We analyze data from the Los Angeles LGBT Center, a community-based healthcare organization. When patients visit the clinic, they are given a comprehensive risk-assessment questionnaire. We develop three methods that allow us to identify the risk factors associated with HIV seroconversion and predict who is most likely to become HIV positive.
First, we construct a two-stage multivariate logistic regression model, where stage one models a patient's history of illicit drug use and their history of STIs other than HIV, and stage two models their risk of contracting HIV. Each stage of the model has ZIP code random effects that are correlated over space. We propose a statistic called the geometric mean ratio (GMR), which measures how much of the variability in the ZIP code random effects for HIV is explained by the stage one random effects. We find that the stage one random effects are negligible in the HIV model and that where a person lives is not predictive of their risk of contracting HIV.
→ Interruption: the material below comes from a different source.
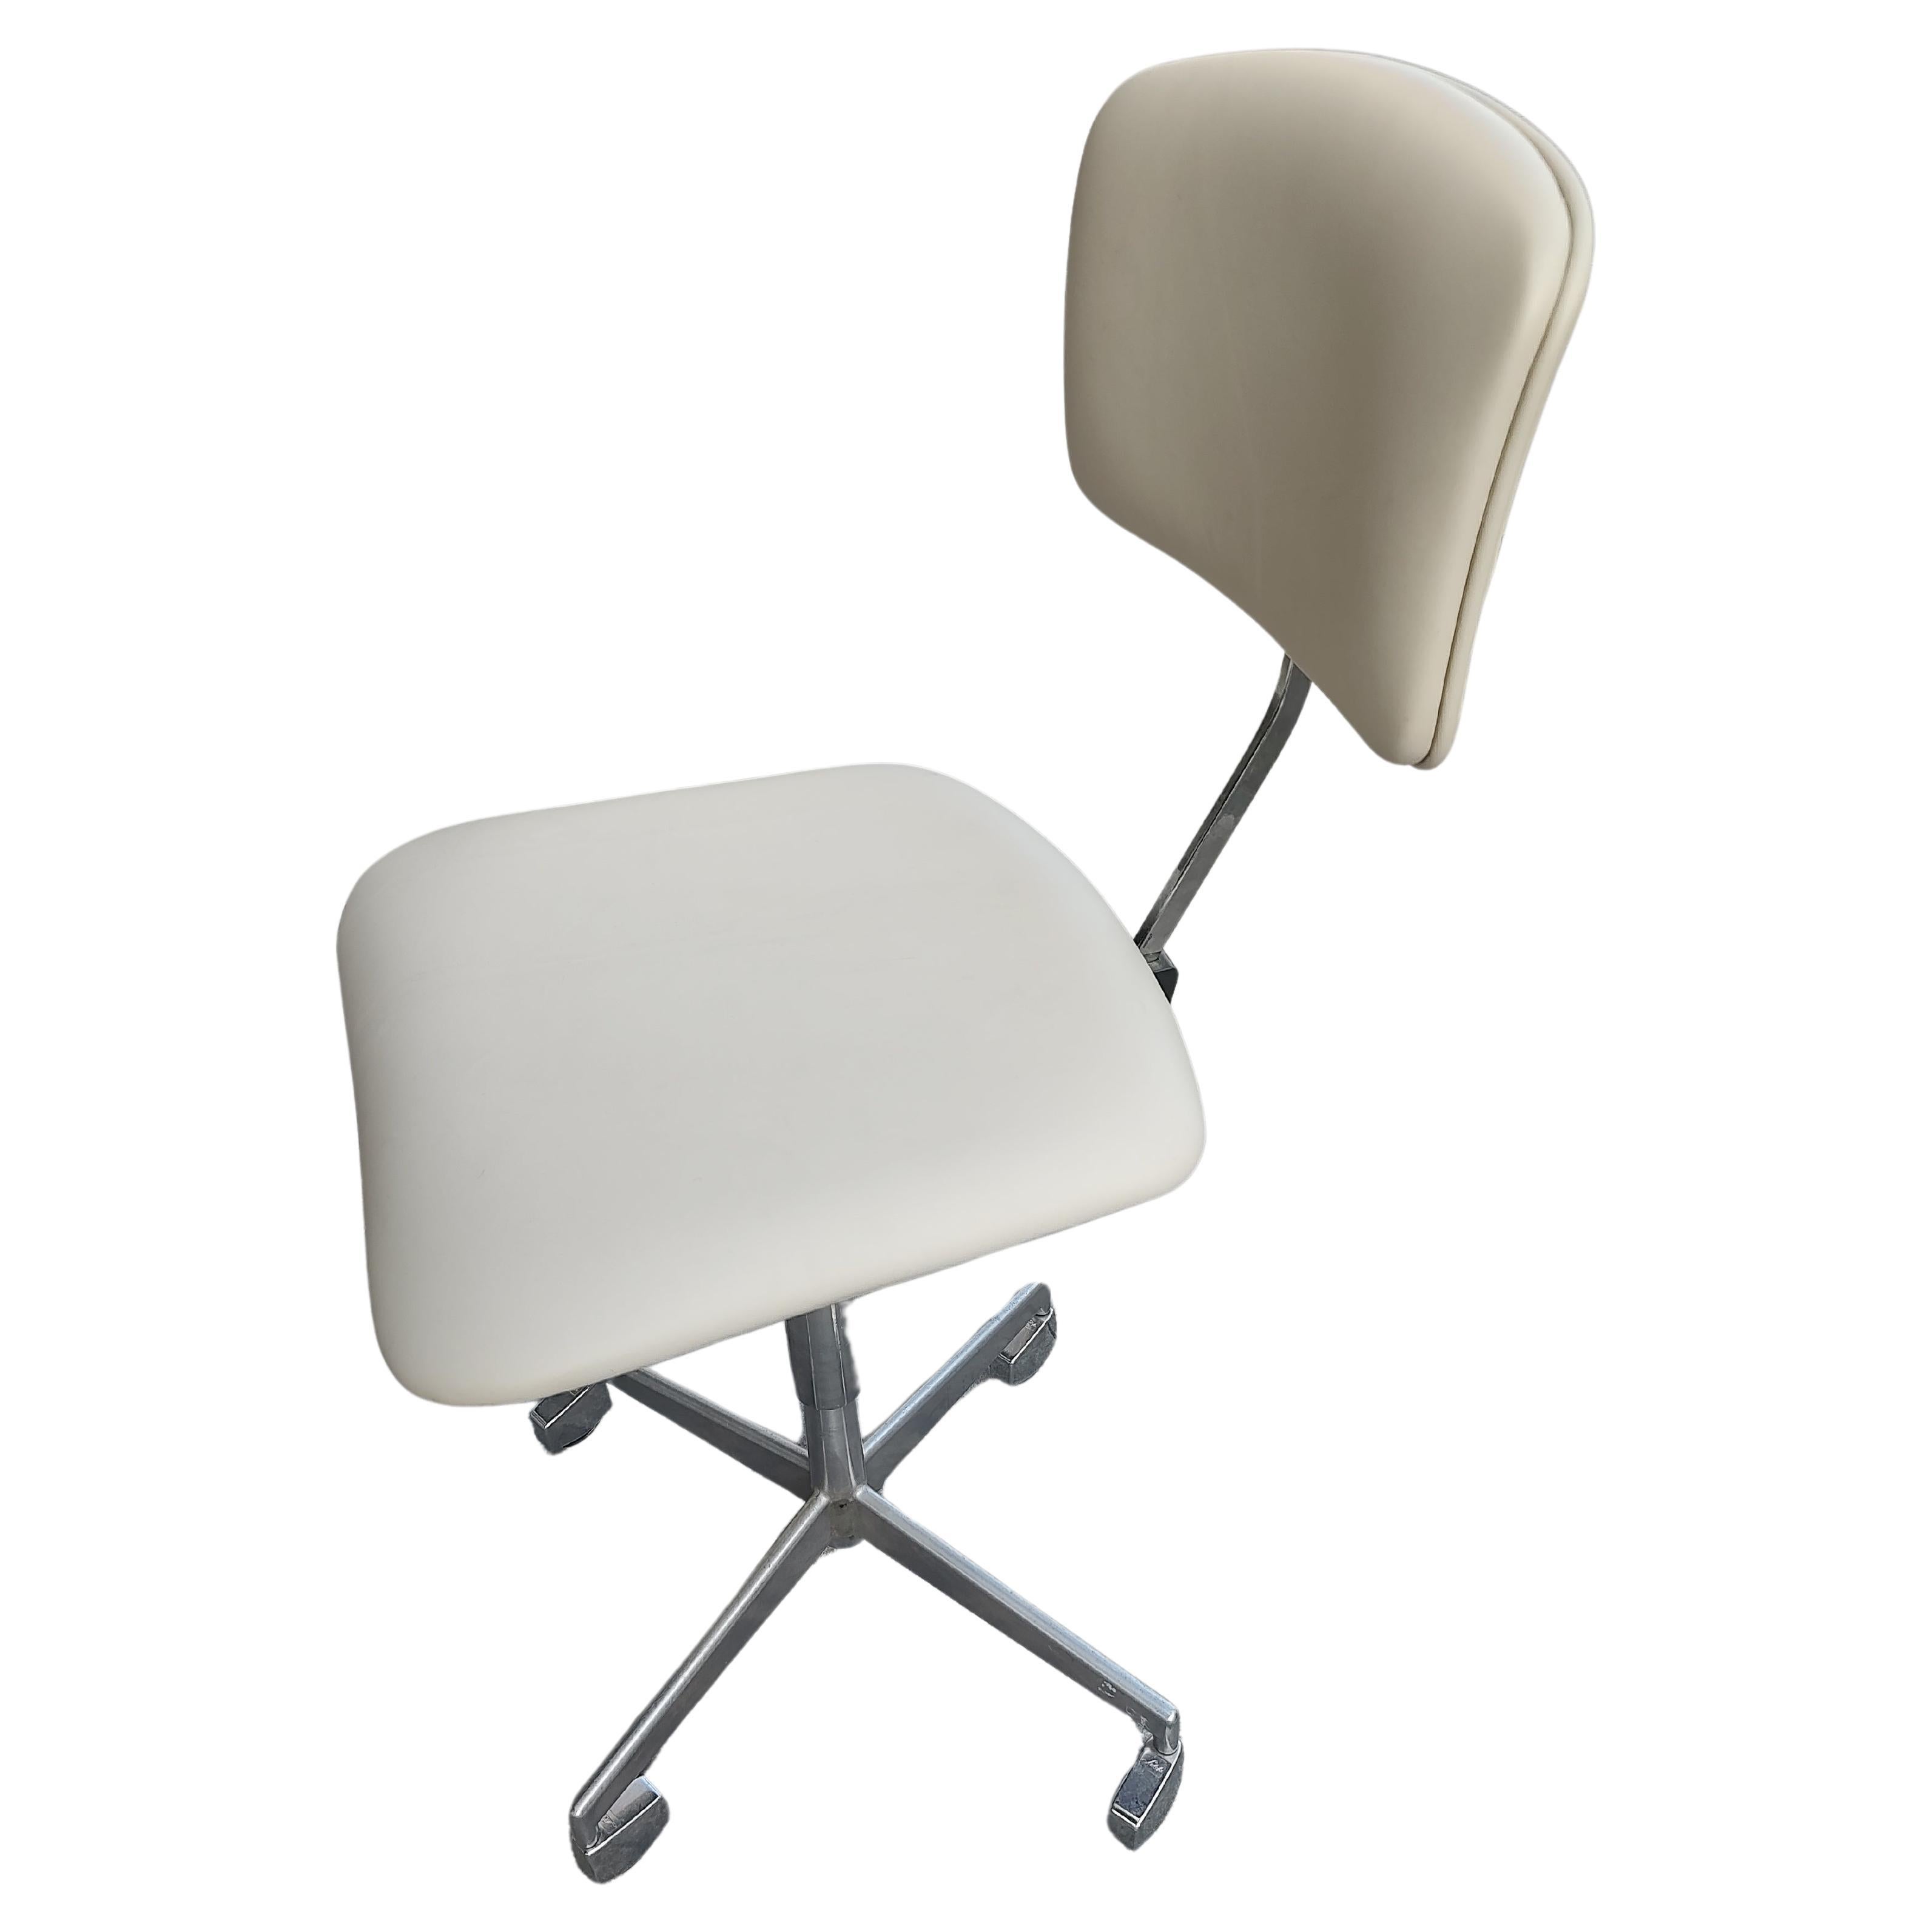 Mid Century Danish Modern Adjustable Desk Chair Jørgen Rasmussen for Labofa

Next, we jointly model a patient's time until HIV seroconversion with their clinic visit frequency through shared frailties. We show that if clinic visit frequency is correlated with survival, then the censoring is informative. We examine how the informativeness of the censoring depends on the frailty distributions. We find that patients who visit the clinic more frequently tend to have a higher probability of contracting HIV, suggesting that patients are accurately assessing that they have a higher risk of disease.
Finally, we reduce the items from the risk assessment questionnaire into a set of latent measures of patient riskiness with a factor analysis model. Because patients come to the clinic multiple times, we allow the factors to be correlated within a patient over time, and between patients over space. We then use the factor scores from one visit to predict whether or not a patient will seroconvert by their next visit. We show that this model is equivalent to a larger longitudinal factor model and that the factor scores are predictive of future risk of HIV.